What is expected: Reproduce all of the data exactly. Images are not to appear in the reply.

Data section:
BEGIN

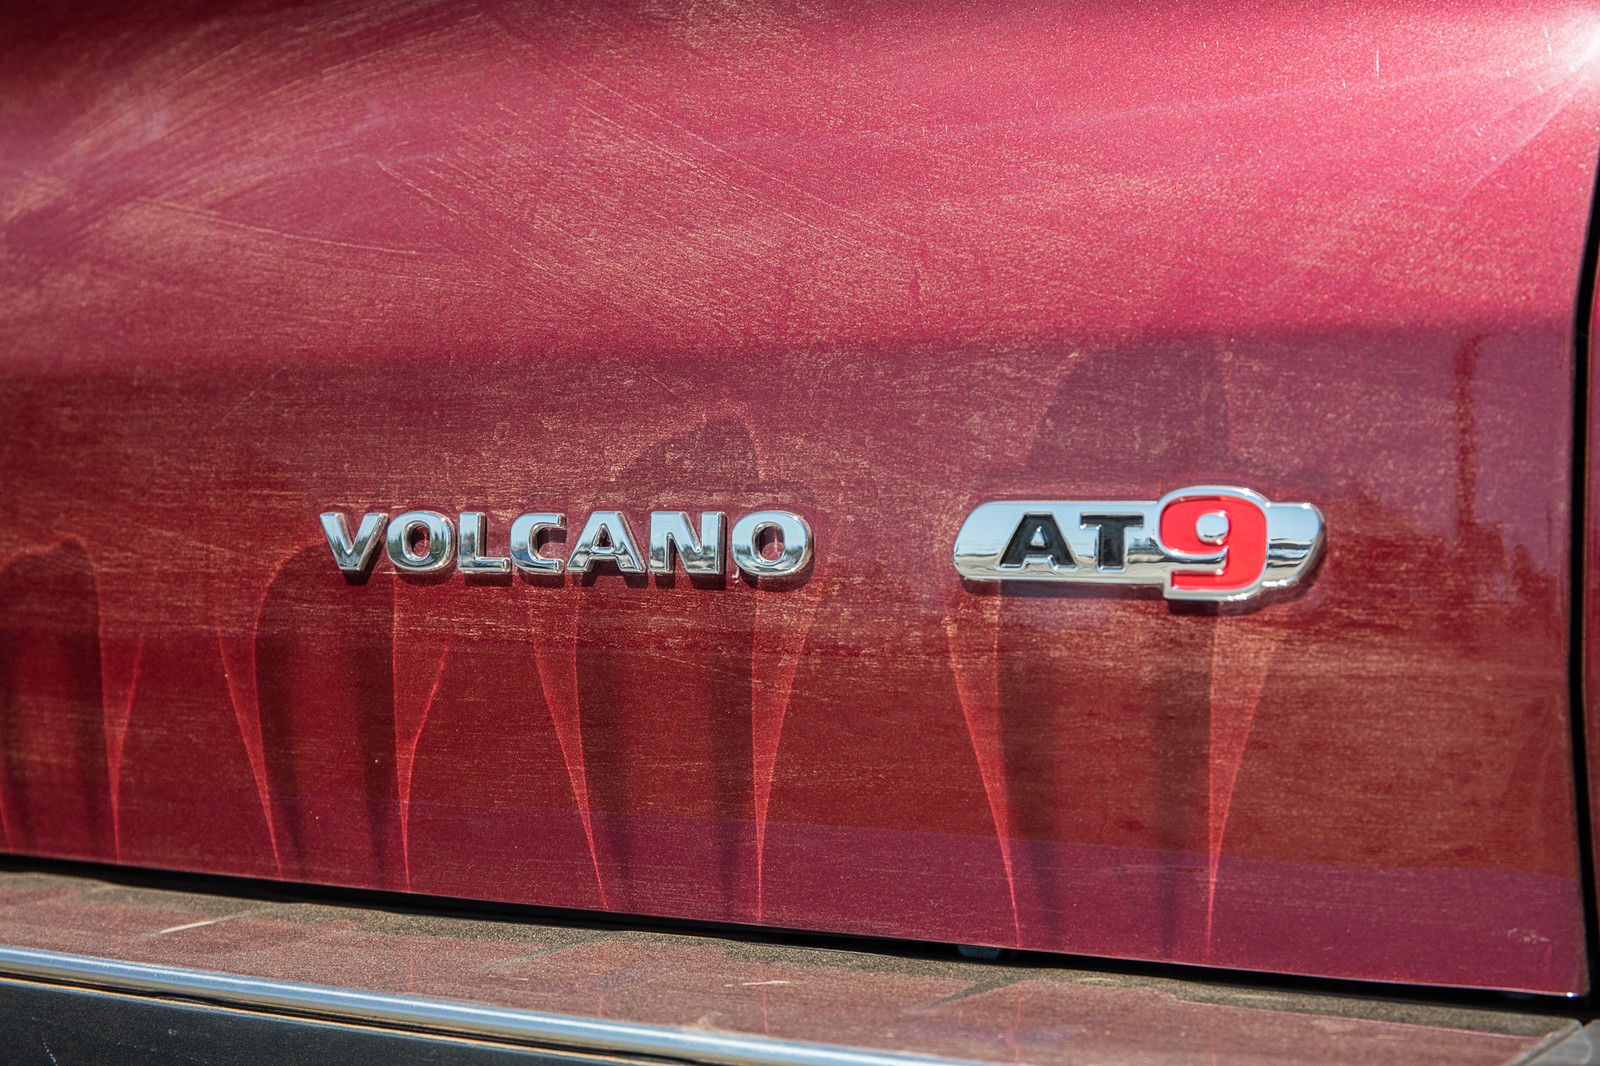 Símbolo da versão da Fiat Toro Volcano na tampa traseira
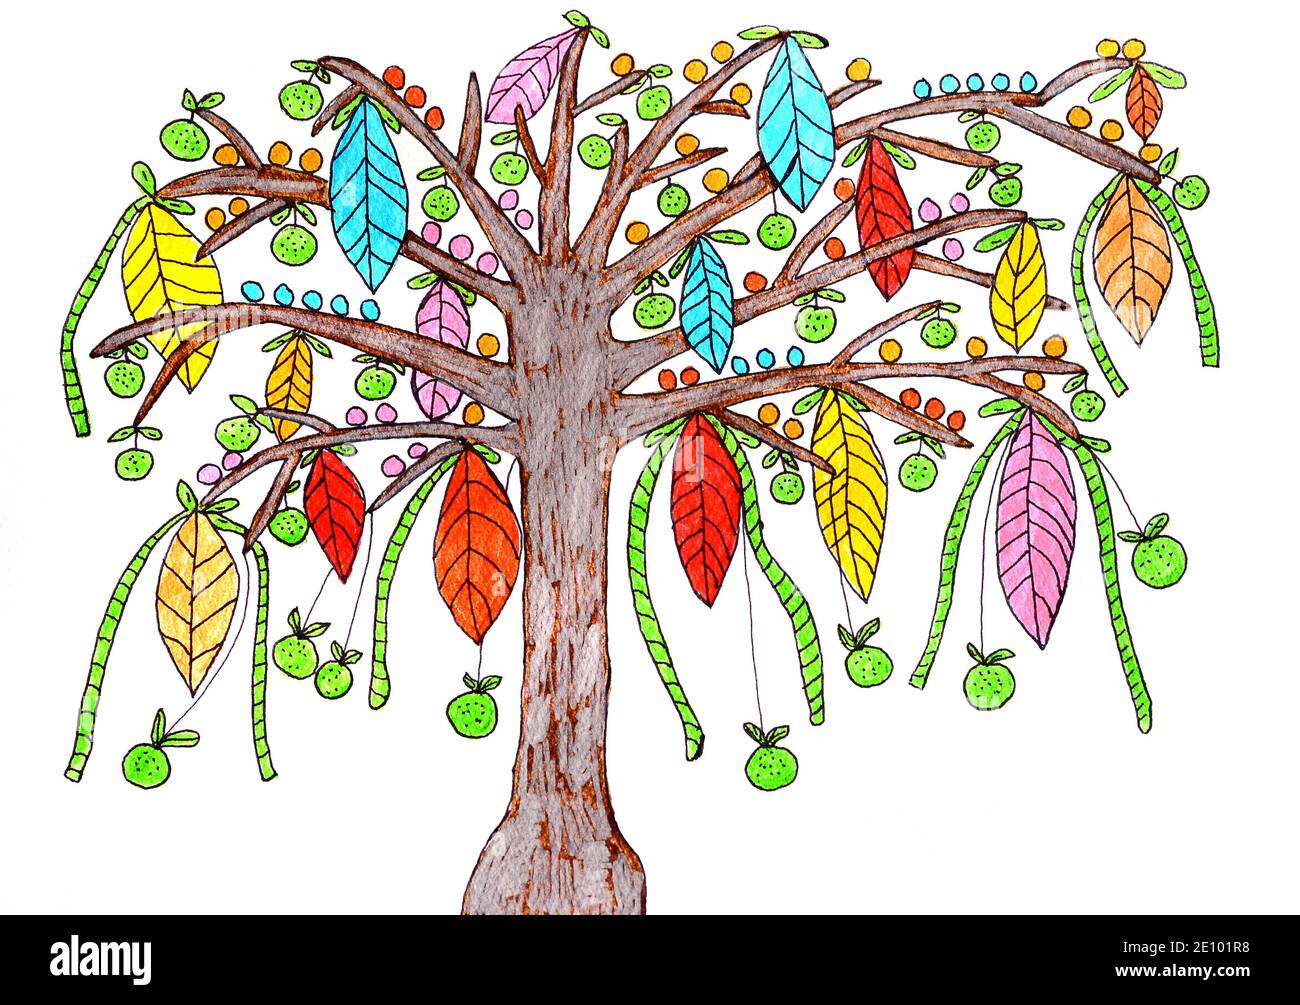 Arbre peint avec des feuilles et des pommes colorées, peinture naïve, fond blanc Banque D'Images
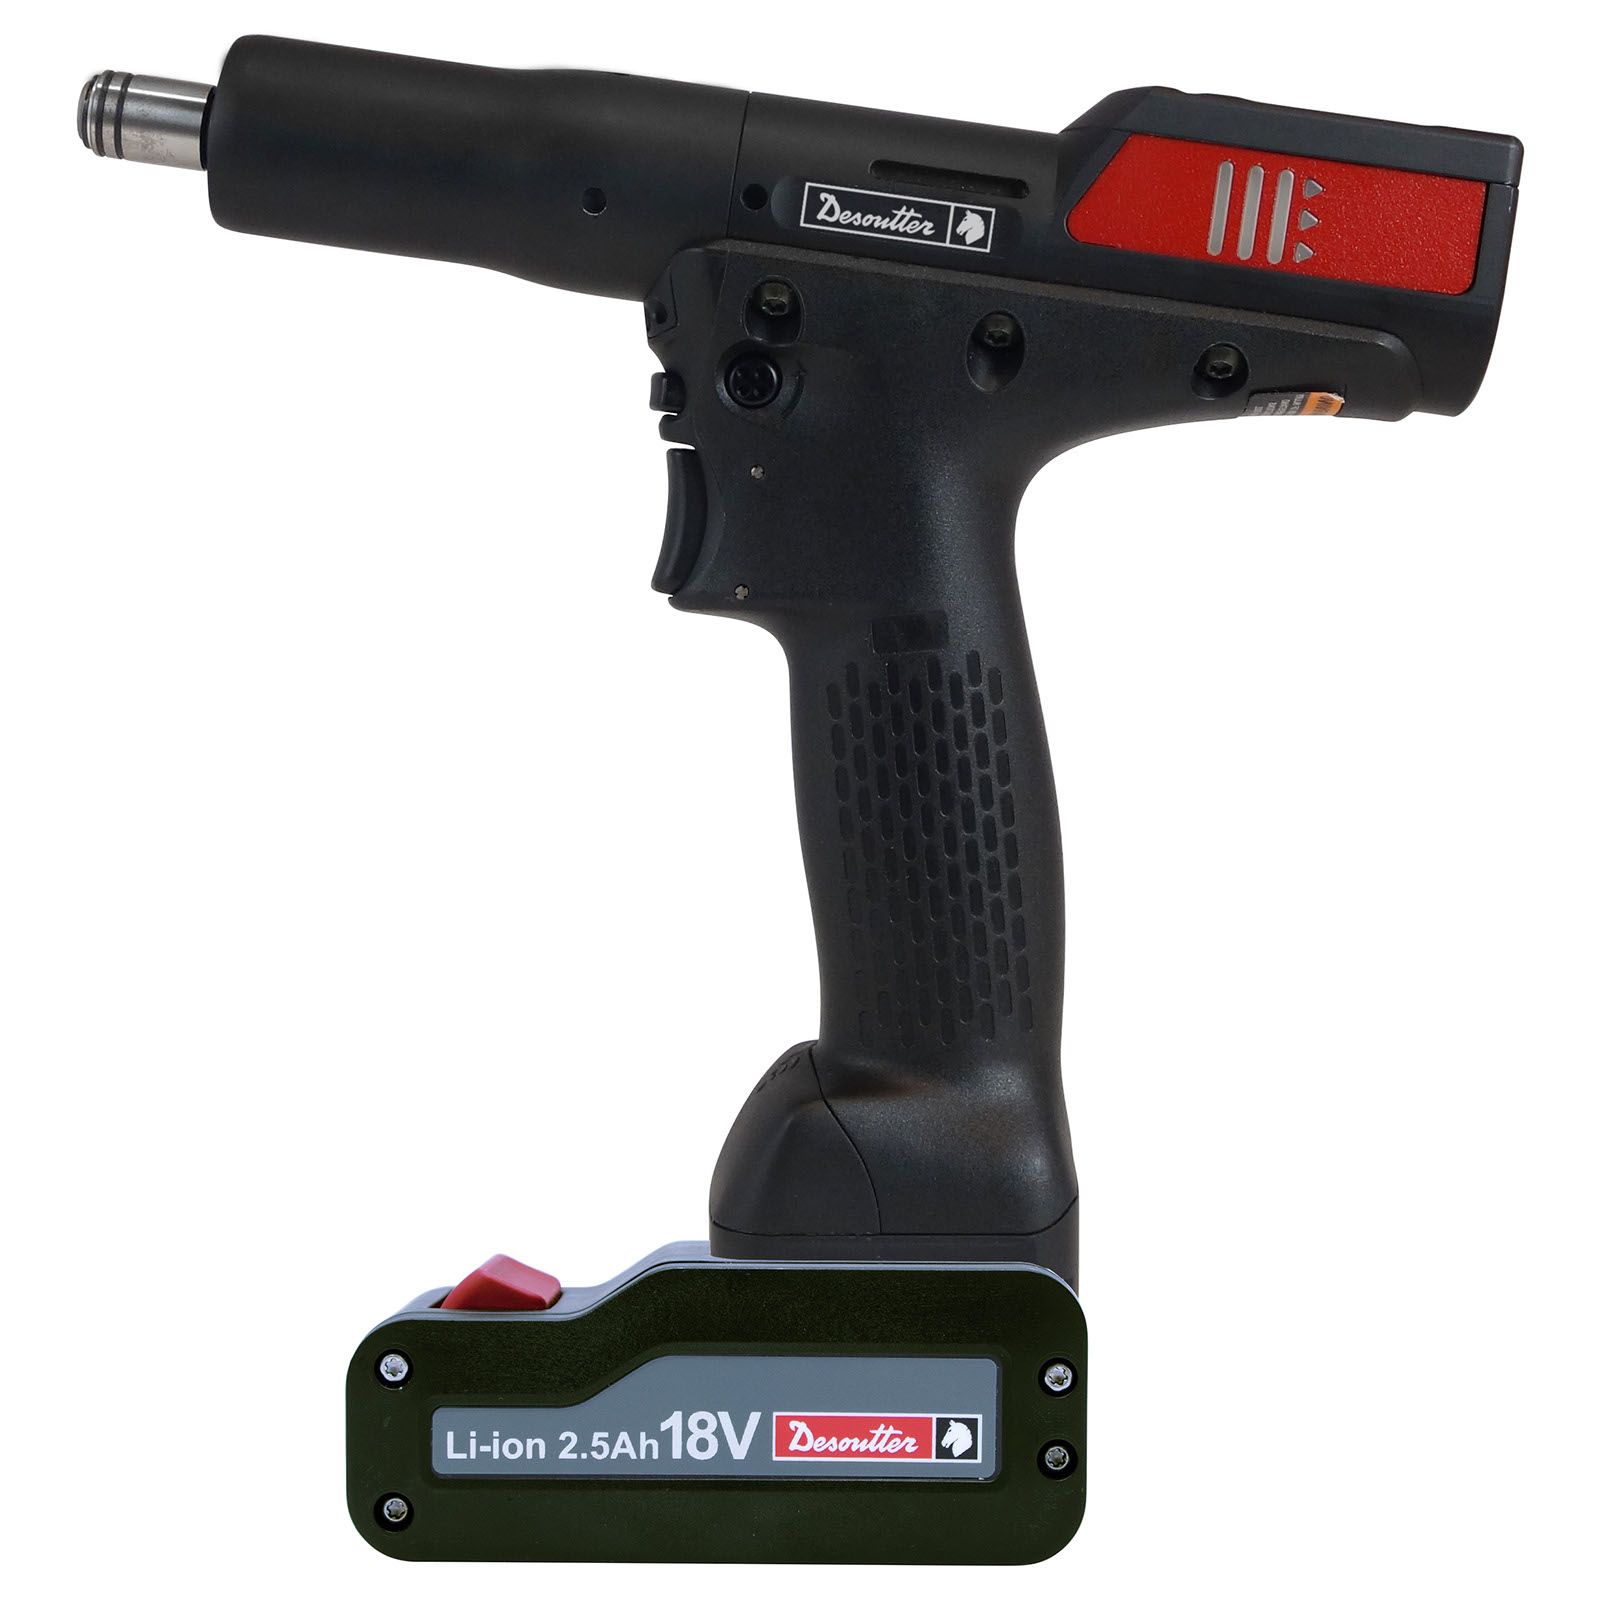 EPBcom – Akku-Pistolenschrauber mit WLAN und Messwertgeber product photo

END

Solution for this task:
 Símbolo da versão da Fiat Toro Volcano na tampa traseira
 Arbre peint avec des feuilles et des pommes colorées, peinture naïve, fond blanc Banque D'Images
 EPBcom – Akku-Pistolenschrauber mit WLAN und Messwertgeber product photo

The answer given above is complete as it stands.